His work was not immediately recognized as paradigm-changing. Conventional belief held that specific diseases led to a specific pathology, end of story. But Selye found that in every disease, stress also played a role, and in some cases a decisive one. The general adaptation syndrome, he said, unfolded in three stages: alarm, resistance, and exhaustion. By 1950, he had rebranded the whole bundle of behaviors as stress.

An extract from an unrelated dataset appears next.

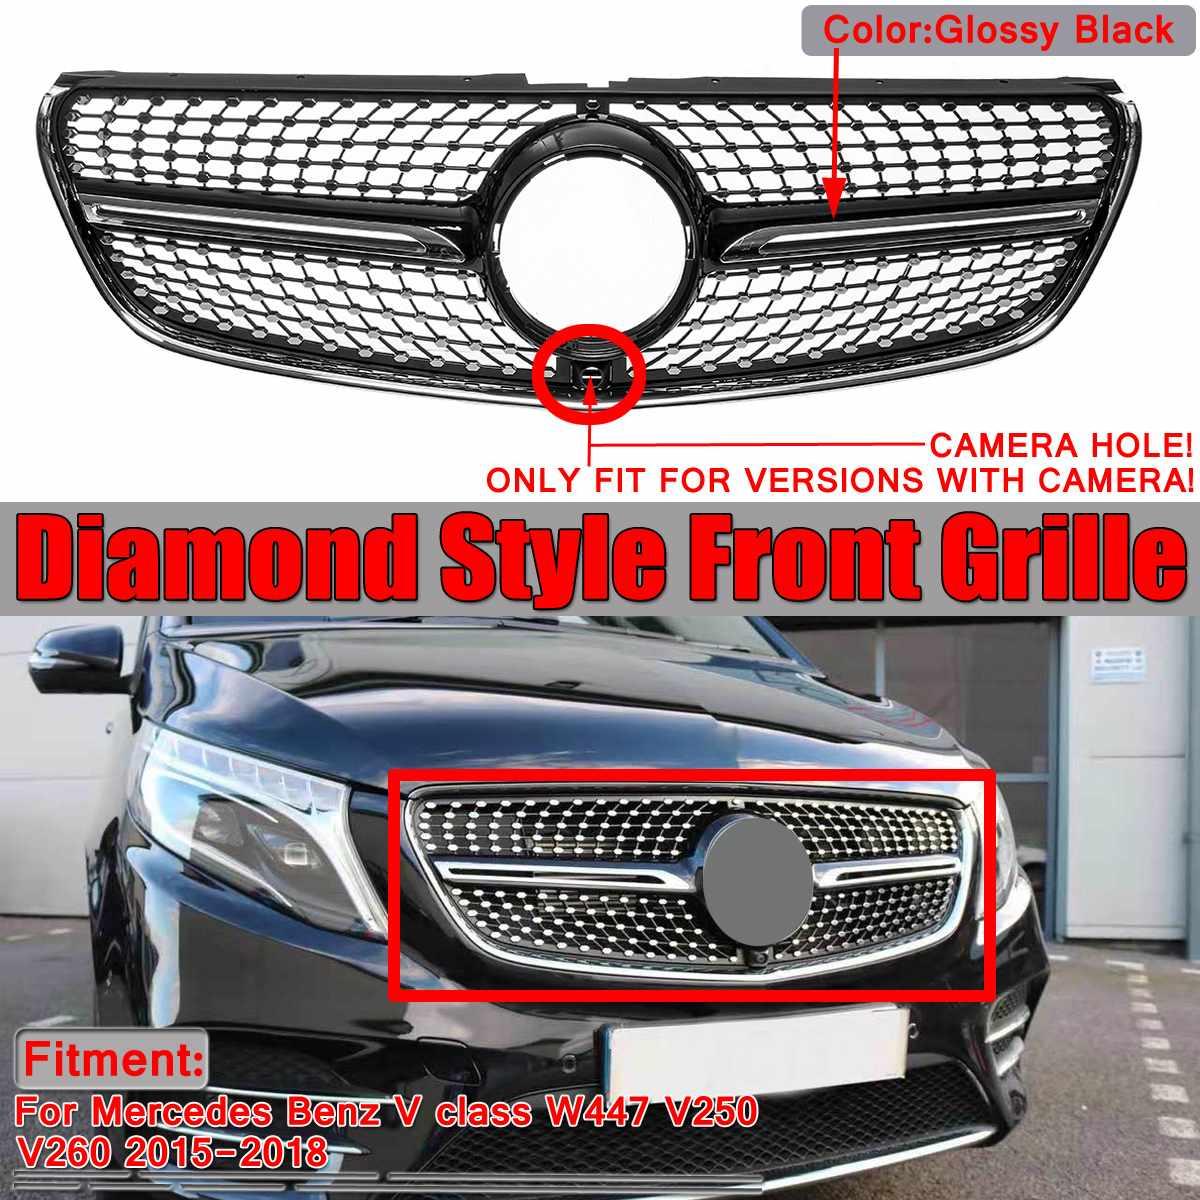 Diamant Grill Mesh W447 Auto Kühlergrill Grill Mit Kamera Für Mercedes Für Benz V Klasse W447 V250 V260 2015 -2018 Schwarz/Chrom
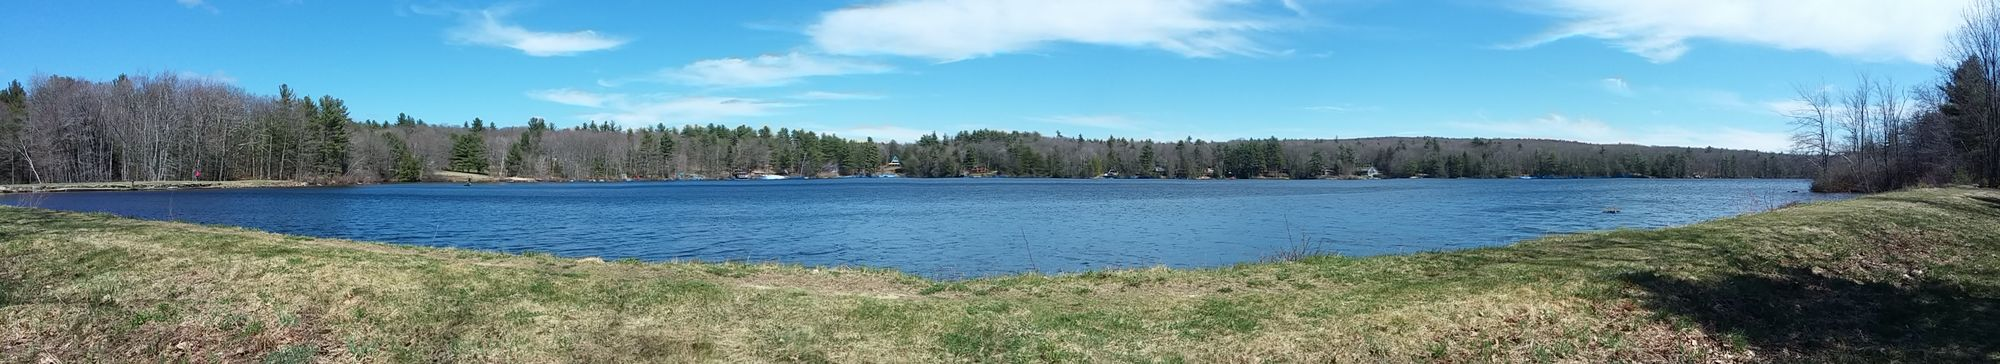 New Hampshire Fitzwilliam Pond Lovers Nature Panorama Scenic Walk Water Pond

Though subsequent research showed that his radical theory didn’t get everything right, he sparked a field of study that has since traced the stress response’s connection to chronic diseases like arthritis, diabetes, and heart disease. He was nominated yearly for a Nobel prize from 1949 through 1953.

The powerful principles behind his theory would also not be contained to medicine. They spilled over to other disciplines, affecting theories on political systems and social psychology. They led Selye to write Stress Without Distress, an early guidebook to living a content life by maintaining homeostasis in your body and relations. In the early 1970s, Selye was already talking about gratitude as a balm against the “wear and tear” of daily life.

Still, Selye’s philosophy of stress was maligned in his time for being too imprecise, too murky. Arguably, we’re still missing out on some of its benefits because of a lack of clarity about the word itself.